子どもに悪魔の名前をつけるのは認めない――ニュージーランドの出生届受付機関が5月1日、これまでに命名申請を却下したリストをCNN(国際ニュース放送局)に伝えたが、そのなかに悪魔の名前として知られる「ルシファー」があった。自分の子どもに悪魔の名前をつけようとした親は過去12年で6組いたという。ほかにも「キリスト」や「メシア(救世主)」という名前をつけることは認められないのだそうだ。

悪魔の名前といえば、今から20年前の1993年、日本でも同様の動きがあった。その名も「悪魔」という名前を我が子につけようとした親が、東京都の昭島市役所に出生届けを出したが、市が戸籍に記載することを拒んだ。そこで、親は「悪魔」という名前を戸籍に載せるべきだと、家庭裁判所に審判を申し立てたのだ。
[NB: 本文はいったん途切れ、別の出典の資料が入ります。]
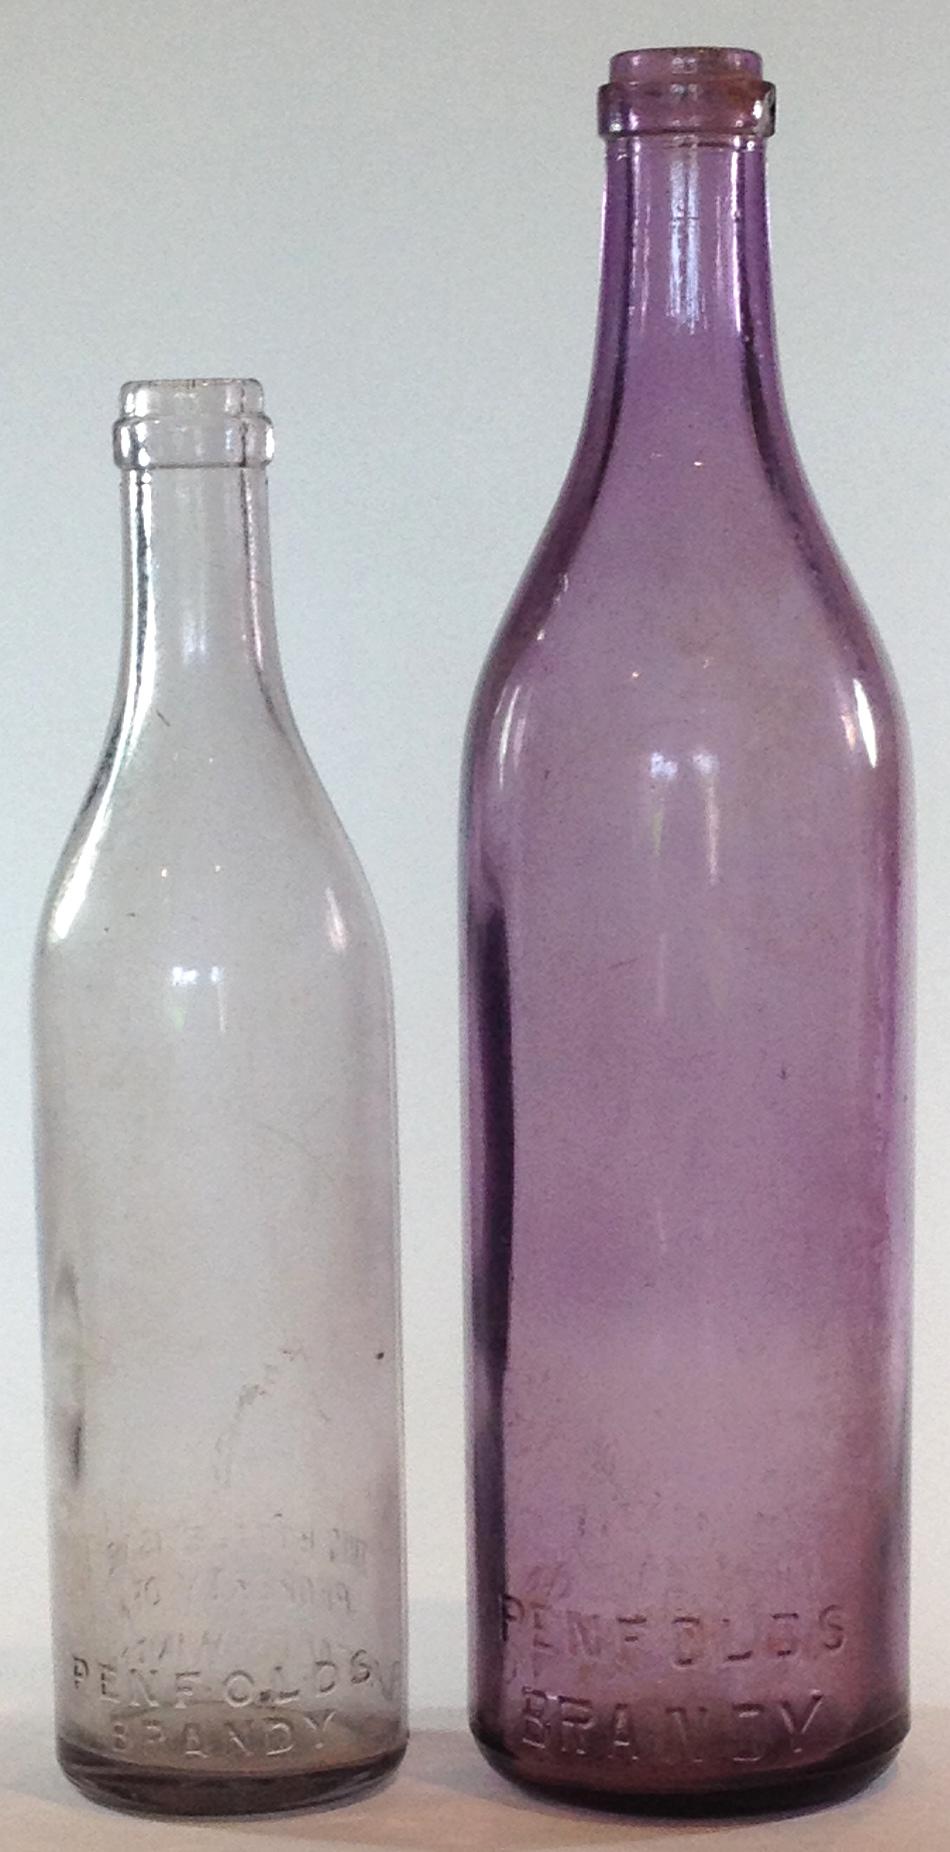 Large & Small Penfolds Brandy bottles. Circa 1920s.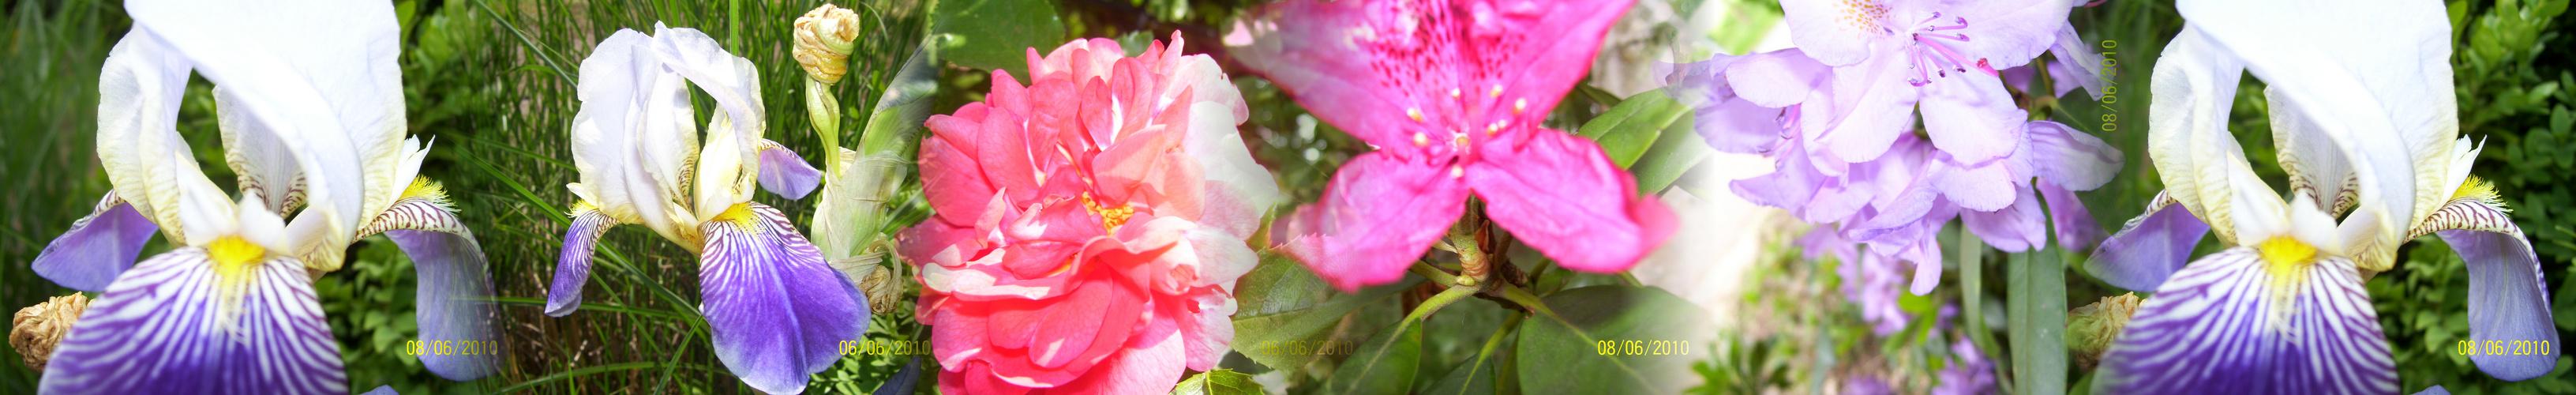 Panorama:Blume

結局、親が途中で審判を取り下げ、別の名前に変えることに同意したが、事件は大きく報道され、世間の注目を集めた。いわゆる「キラキラネーム」にも通じる要素を持った事件だったといえるが、子どもの命名権は日本でどう考えられているのだろうか。寄井真二郎弁護士に聞いた。

●どんな名前を子につけるかは、原則として「親の自由」

「最近読み方のわかりにくい名前が増えていますが、申請の際の制限については、戸籍法50条1項で、『子の名には、常用平易な文字を用いなければならない』と規定されています。具体的には、常用漢字表に掲げる漢字や平仮名・片仮名などが使用できることになっています(戸籍法施行規則60条)。つまり、名前に用いられる字に一定の制限があるものの、親の命名は、原則として自由に行使できます」

このように寄井弁護士は説明する。つまり、使える文字に制限はあるものの、どんな名前を子どもにつけるかは、親にまかされているということだ。ただ、例外的に、親の命名が認められない場合もある。

「命名は個人の人格を表したものであり、子の生涯において、他の人格と分別して特定・識別させるという機能を果たします。その点で、子の養育・監護と結びついた親権の域を超えるものといえます。そのため、『悪魔』という命名について、裁判所は命名権の濫用として例外的に否定しました。

悪魔ちゃん事件以外には、命名権の濫用を認めた事例はないようですが、『難解、卑猥、使用の著しい不便、特定(識別)の困難等の名は命名することができない』とする古い裁判例があります」

●極端な場合でない限り、役所からストップがかかることはない

このように寄井弁護士は述べ、悪魔ちゃん事件が極めて珍しいケースだったことを指摘する。「キラキラネーム」といわれる読み方が難しい名前も増えているが、今後、役所側の対応は変化していくのだろうか。

「出生届を受ける役所が、届け出された名前について一つ一つ、命名権の濫用に該当するかどうかの判断を行うことができるのかといえば、難しいといわざるをえません。審査の画一性を欠き、制度的に困難を伴うばかりか、行政による過度の介入を招くこともつながり、適切ではありません。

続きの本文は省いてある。